So the next hypothesis that we looked at was what we call a novelty hypothesis, which is explain to our viewers what that means. Yeah. So essentially, if you look to information theory or Bayesian decision theory, what you find in that literature is that there's lots of evidence that novelty attracts human attention, is something that we're more likely to value because it's explaining more about the world that we don't know. Typically, it's new, it's surprising, it's different, it's new, it's surprising, it's different. Different. And people who share novelty are thought to be in the know or have access to inside information. So it increases their social status to share information that other people don't know about gives them some currency on gives them some personal currency about what they know and what kind of expertise they might have that others don't have.
So we thought, well, maybe novelty is a potential explanation for what's driving the spread of false news. So we built some models that predicted the likelihood of retweeting a piece of information, given its characteristics.

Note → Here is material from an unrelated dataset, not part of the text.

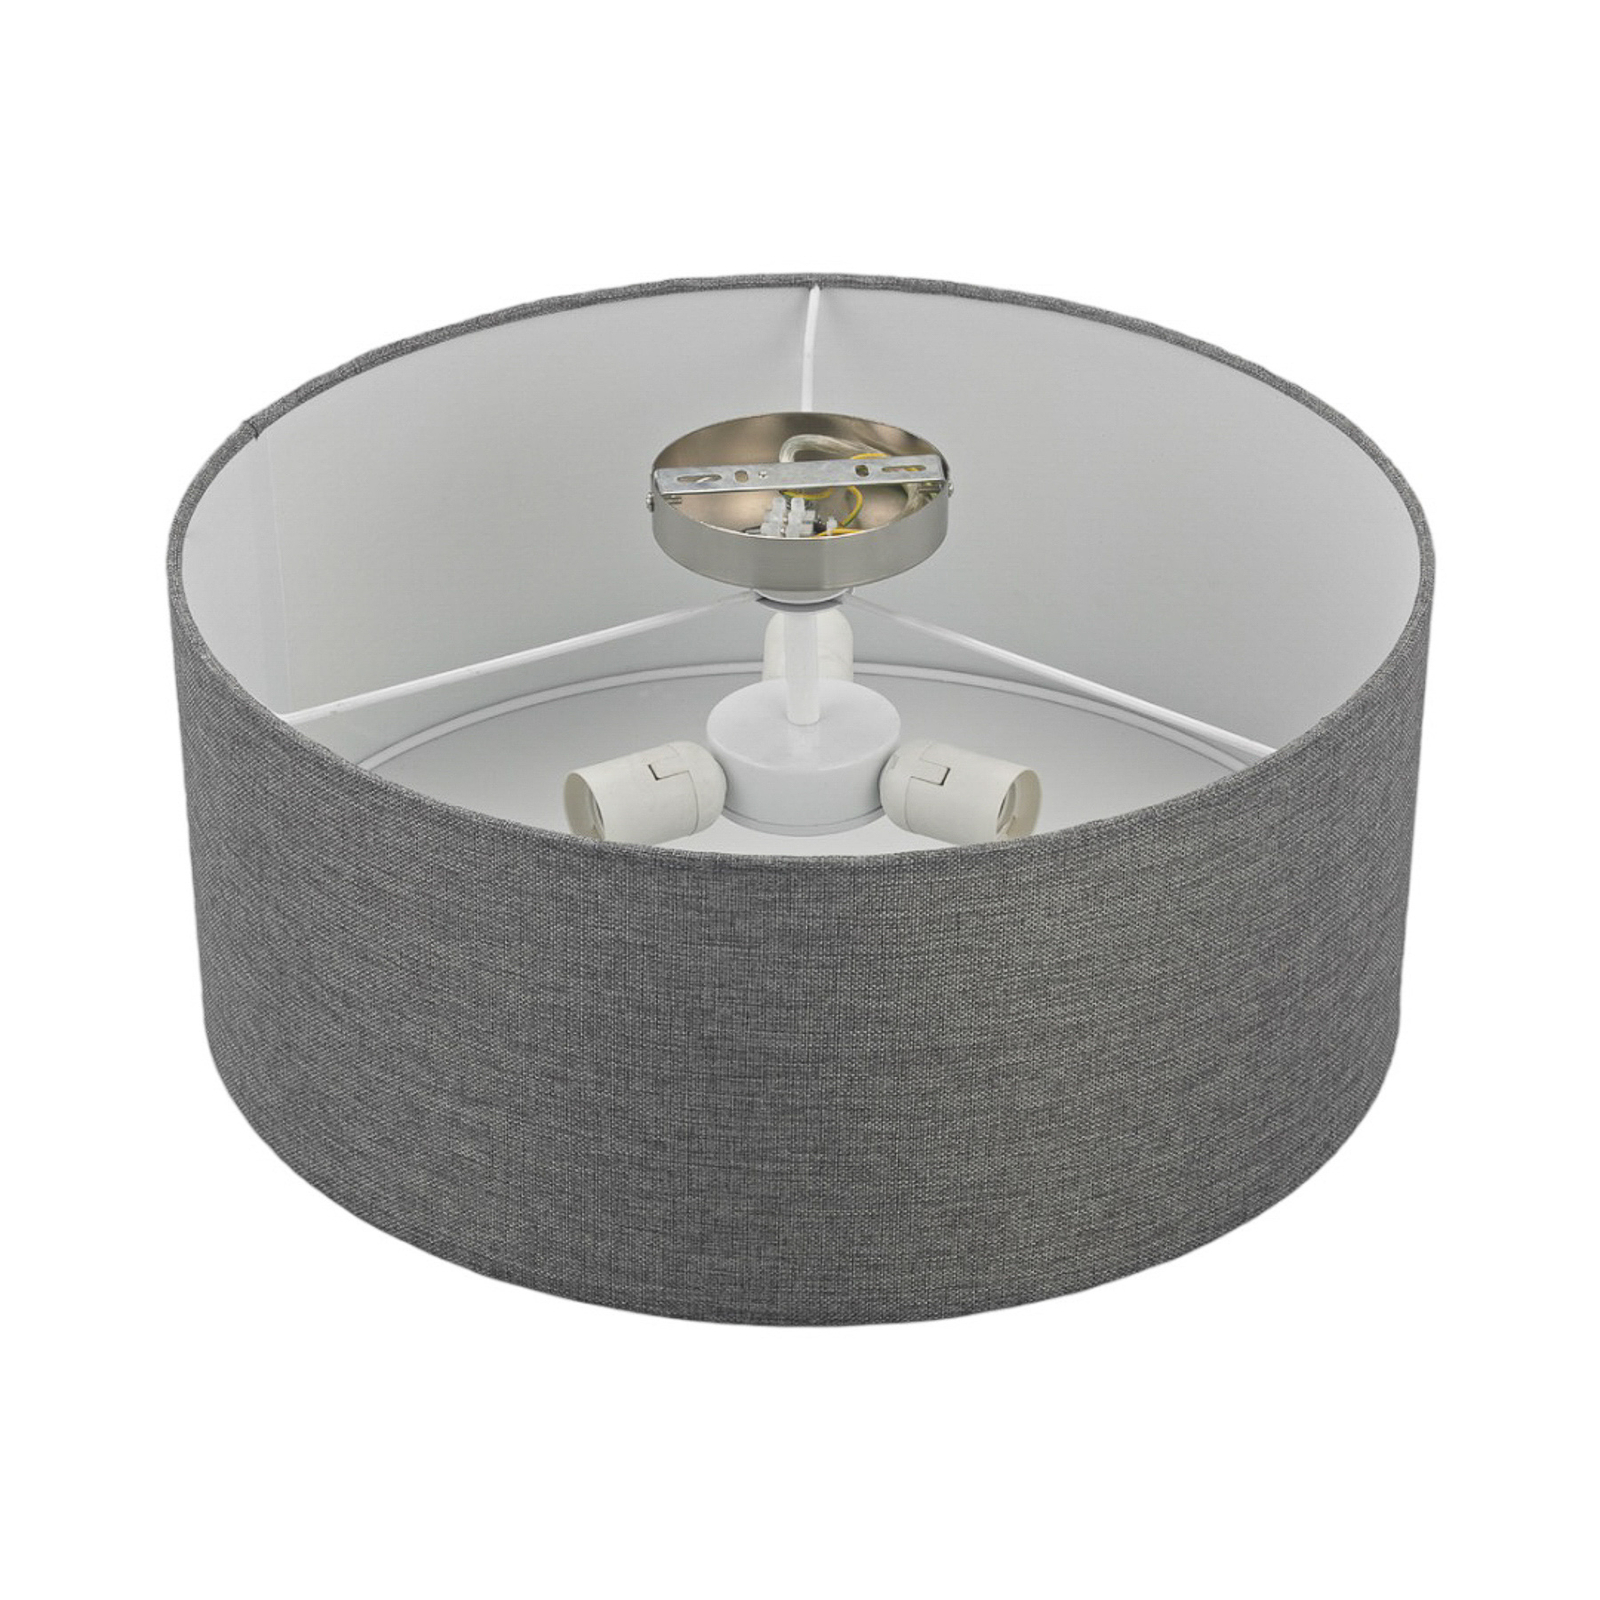 Sølvgrå stofftaklampe Pitta med linutseende

And what we found was that controlling for how many followers, followees, whether you're verified, your activity level, and how long you've been on Twitter, that false news was 70% more likely to be retweeted by any given individual than true news. And then we measured how novel the false news was, and the true news was compared to everything you had seen on Twitter in the 60 days prior to receiving one of these true or false news tweets. And what we found was that across three different independent measures, false news was dramatically more novel than true news. Which makes some sense, because when you're unconstrained by reality, you can pretty much make up anything you want. And it's easy to be surprising and novel when you don't have to Be factually accurate in what you're saying. So we found that people were more likely to retweet novel information, and false news was overwhelmingly more novel than the truth.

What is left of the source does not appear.